Yori Harun Bantah Tudingan Intimidasi terhadap Jurnalis, Sebut Ingin Klarifikasi Pemberitaan
Liputan24.com|BITUNG — Yori Harun membantah tudingan yang menyebut dirinya melakukan intimidasi terhadap seorang jurnalis. Ia menegaskan, persoalan tersebut bermula dari sebuah unggahan di media sosial yang menurutnya memuat informasi yang menyinggung dirinya.
Yori mengatakan, dirinya tidak bermaksud mengancam maupun mengintimidasi jurnalis tersebut. Menurut dia, kedatangannya hanya untuk meminta klarifikasi terkait pemberitaan yang menyebut dirinya sebagai pemain atau “mafia solar”.
«“Terkait pemberitaan bahwa saya mengintimidasi, itu tidak benar. Saya hanya ingin mencari dan menanyakan langsung mengenai pemberitaan yang menyebut saya sebagai pemain atau mafia solar,” ujar Yori.»
Ia menjelaskan, dirinya merasa keberatan karena pemberitaan atau unggahan tersebut, menurut pengakuannya, dibuat dan disebarluaskan tanpa terlebih dahulu melakukan konfirmasi kepadanya.
Yori mengaku sempat berkomunikasi melalui sambungan telepon dengan jurnalis yang bersangkutan. Namun, menurut versinya, percakapan tersebut kemudian terkesan seolah-olah dirinya melakukan pengancaman.
“Padahal saya hanya ingin mengklarifikasi pemberitaan tersebut. Saya ingin mengetahui dasar dan isi unggahan yang menurut saya tidak pantas serta merugikan nama baik saya,” katanya.

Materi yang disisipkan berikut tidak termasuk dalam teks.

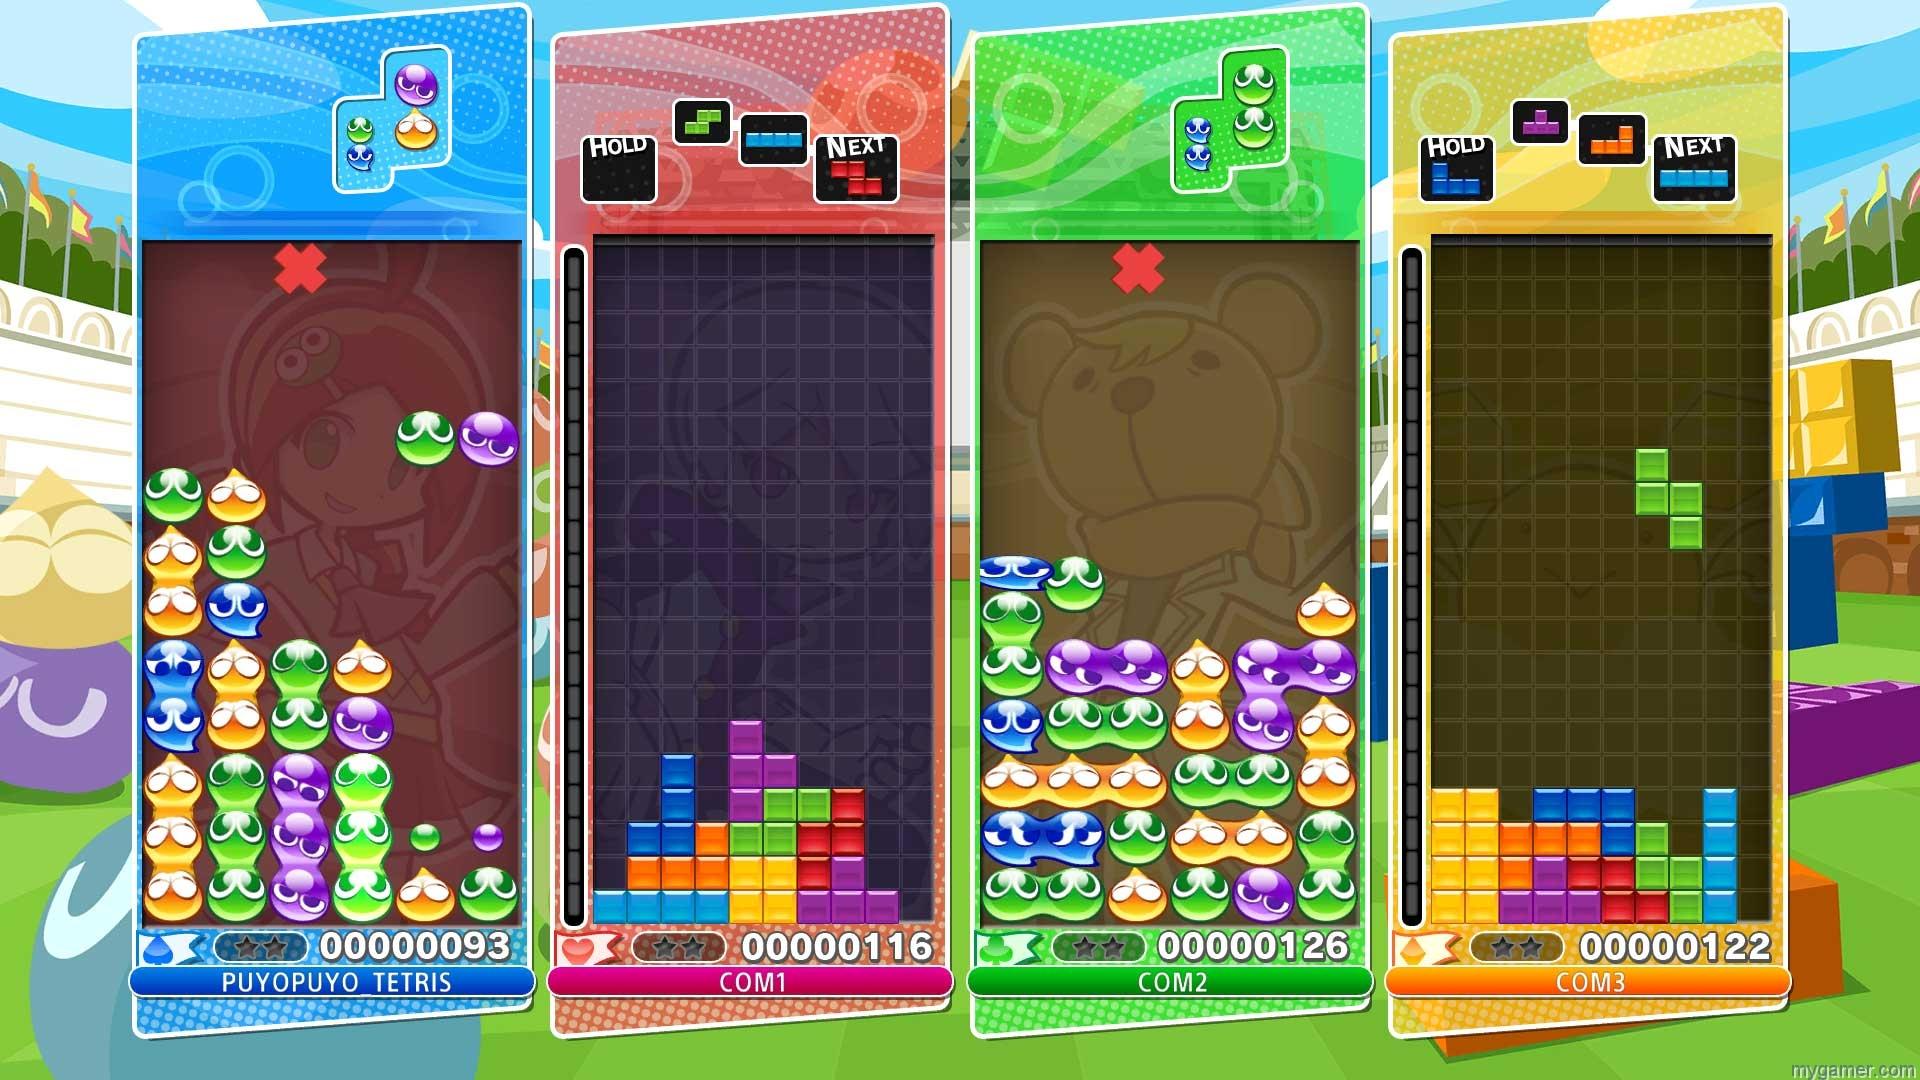 puyo puyo tetris ps4 review Puyo Puyo Tetris PS4 Review puyo puyo tetris 4player

Yori juga membantah masih terlibat dalam aktivitas penjualan atau permainan bahan bakar minyak (BBM). Ia menyebut aktivitas tersebut sudah lama tidak dilakukannya.
“Saya kaget karena seolah-olah saya masih bermain BBM. Padahal itu sudah lama saya tinggalkan,” tegasnya.

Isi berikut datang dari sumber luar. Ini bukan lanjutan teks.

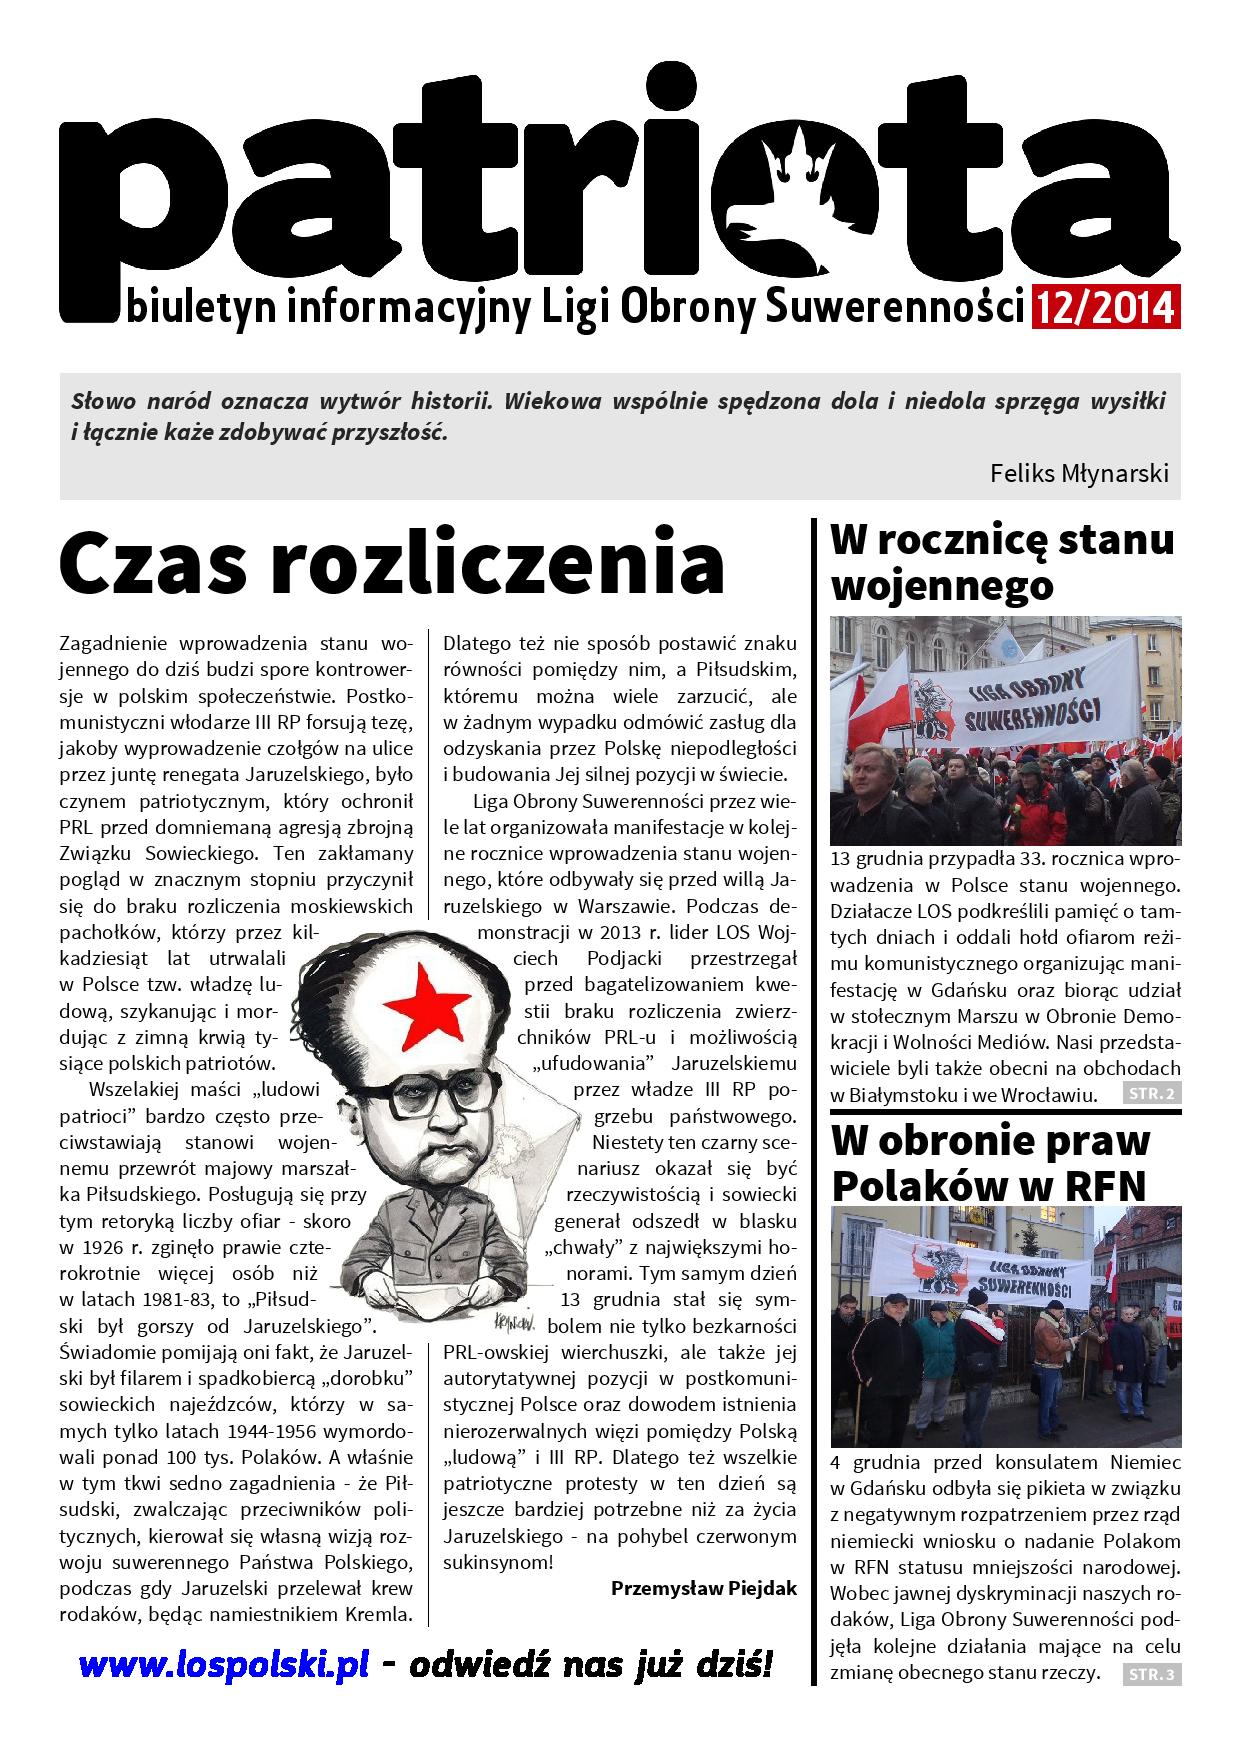 Patriota 12/2014

Terkait gambar yang beredar bersama unggahan tersebut, Yori mengaku tidak mengetahui dan tidak pernah memberikan persetujuan atas penggunaan gambar tersebut.

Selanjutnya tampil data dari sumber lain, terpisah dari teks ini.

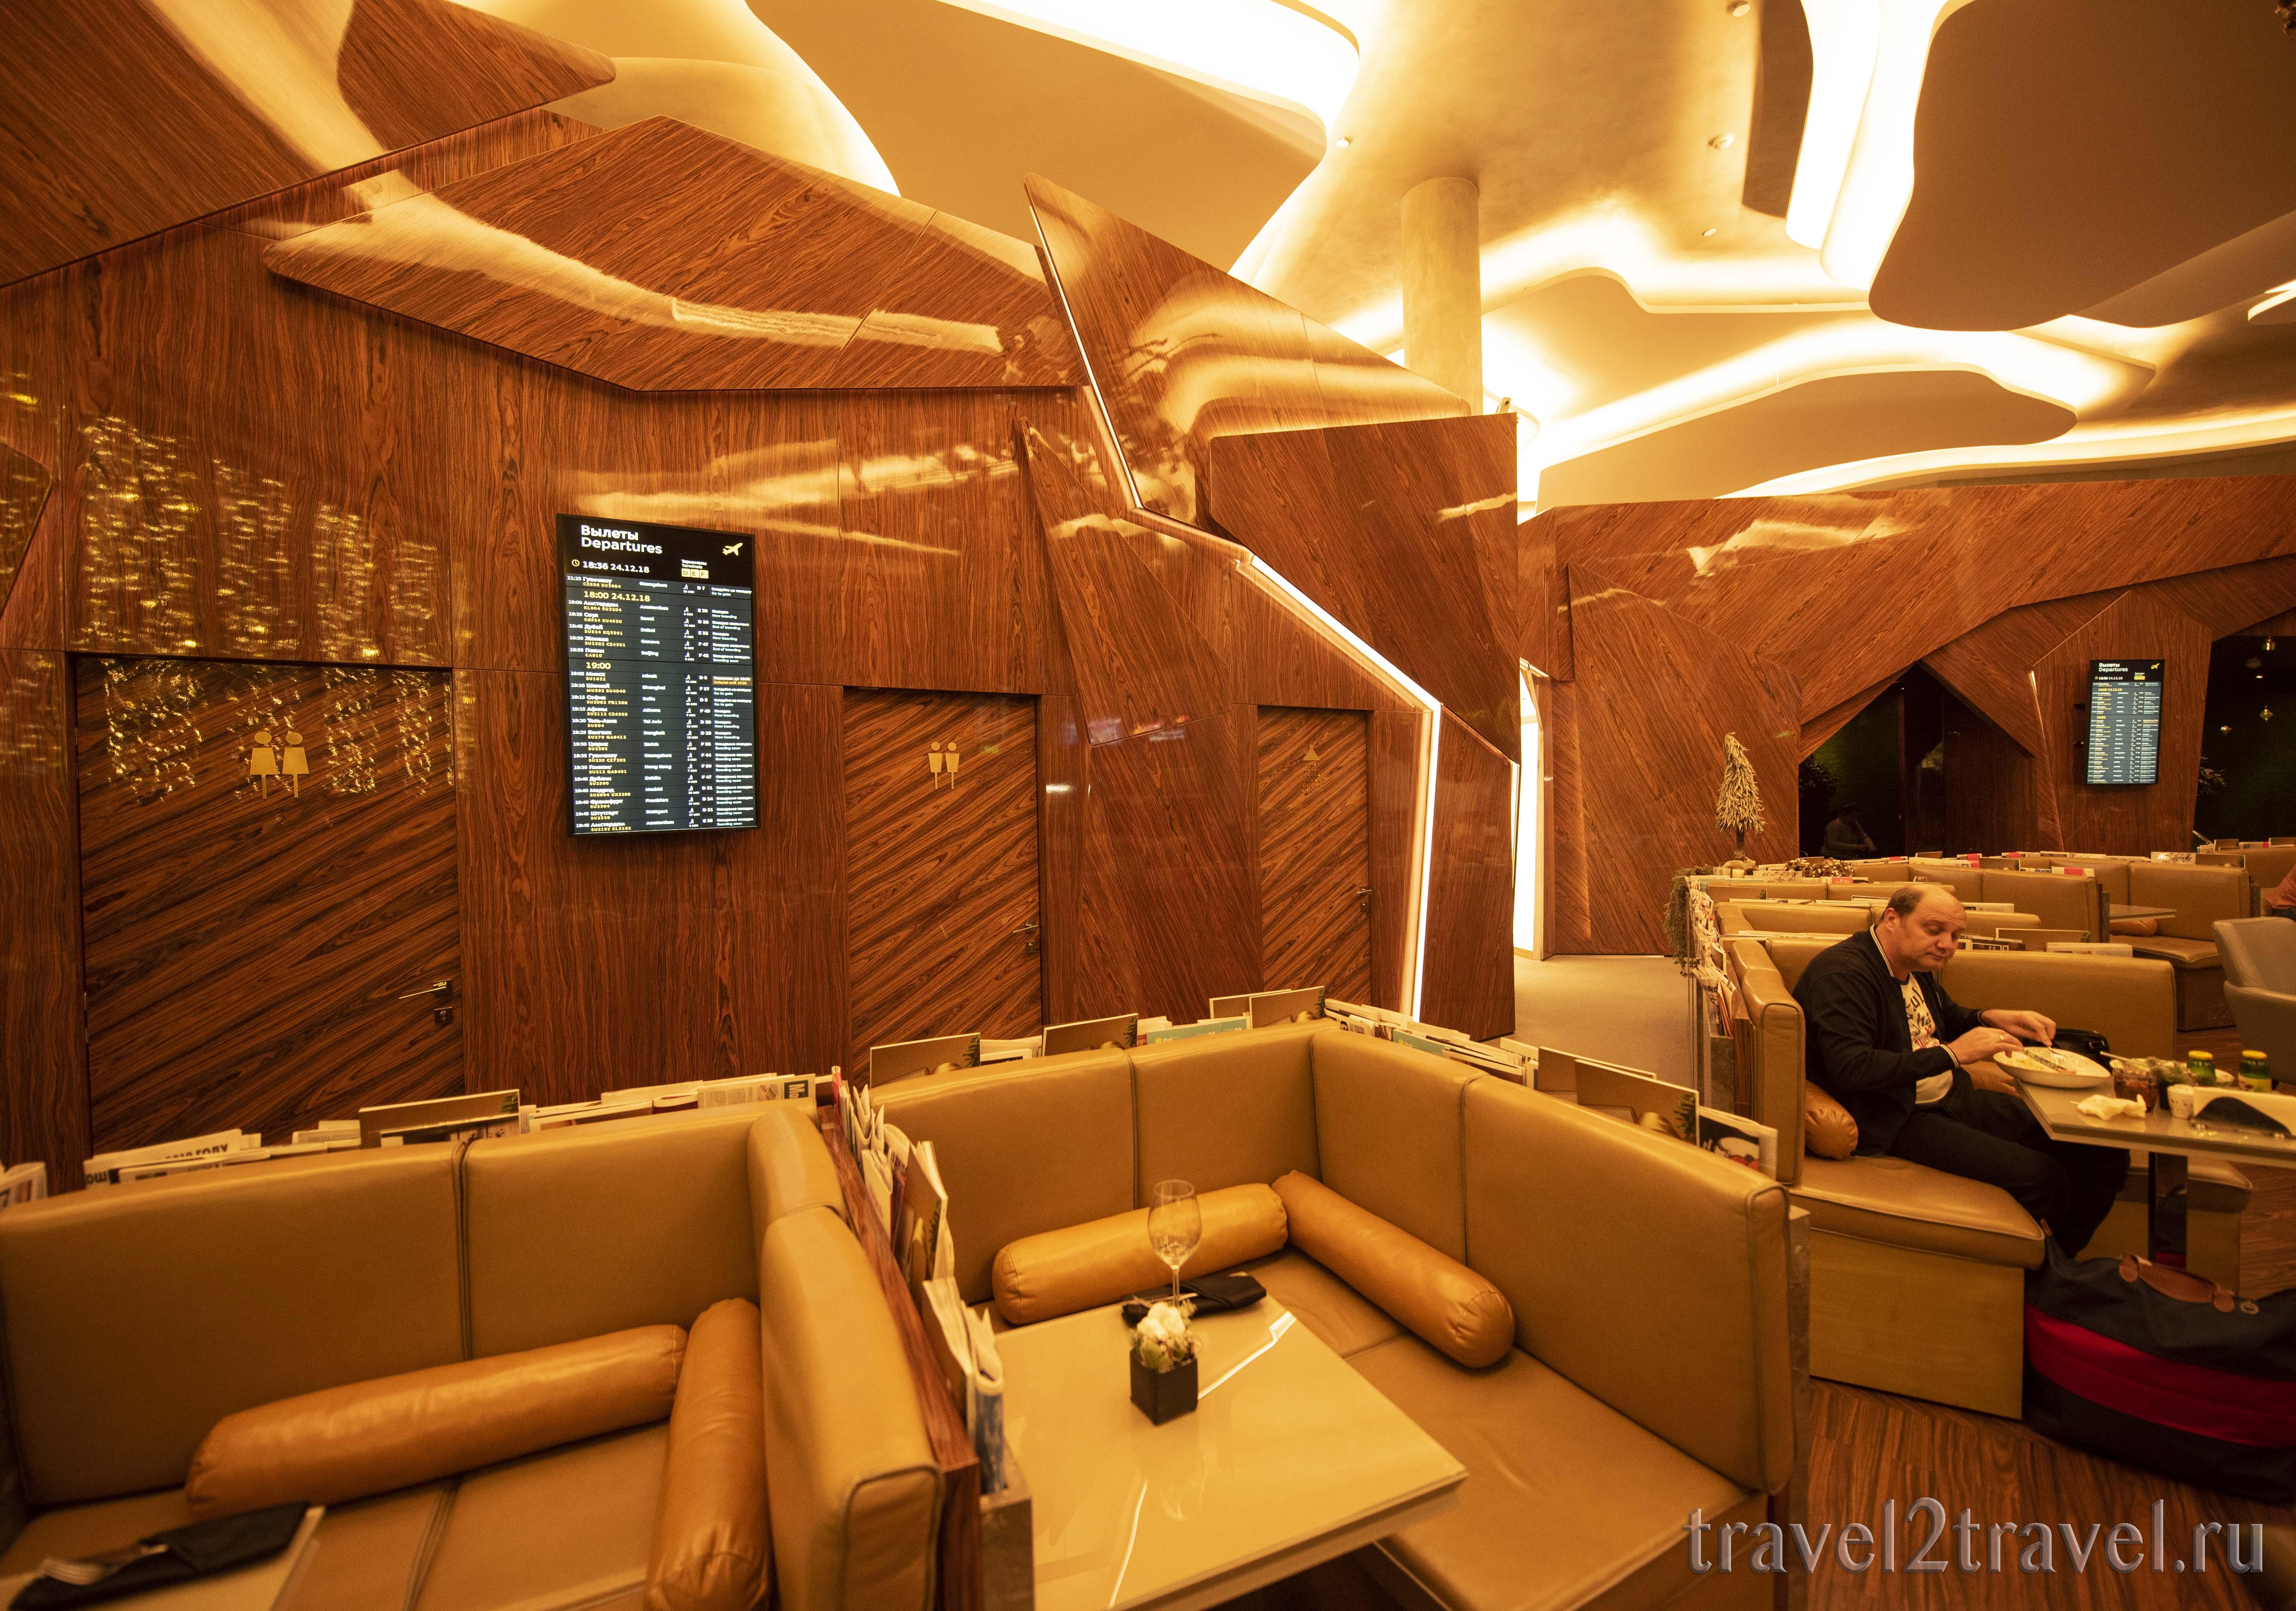 туалетные и душевая комната бизнес-зал Mastercard Lounge терминал E Шереметьево

Ia berharap persoalan ini dapat diselesaikan melalui komunikasi dan klarifikasi secara baik, tanpa menimbulkan kesalahpahaman di tengah masyarakat.
Yori menegaskan, dirinya menghormati tugas dan fungsi pers. Namun, ia juga berharap setiap informasi yang menyangkut dirinya dapat terlebih dahulu dikonfirmasi sehingga pemberitaan yang disampaikan kepada publik tetap akurat, berimbang, dan tidak menimbulkan persepsi yang keliru.
Pernyataan Yori tersebut merupakan klarifikasi atas tudingan yang beredar. Adapun pihak jurnalis yang disebut dalam persoalan ini belum memberikan tanggapan atau klarifikasi dalam materi pemberitaan ini.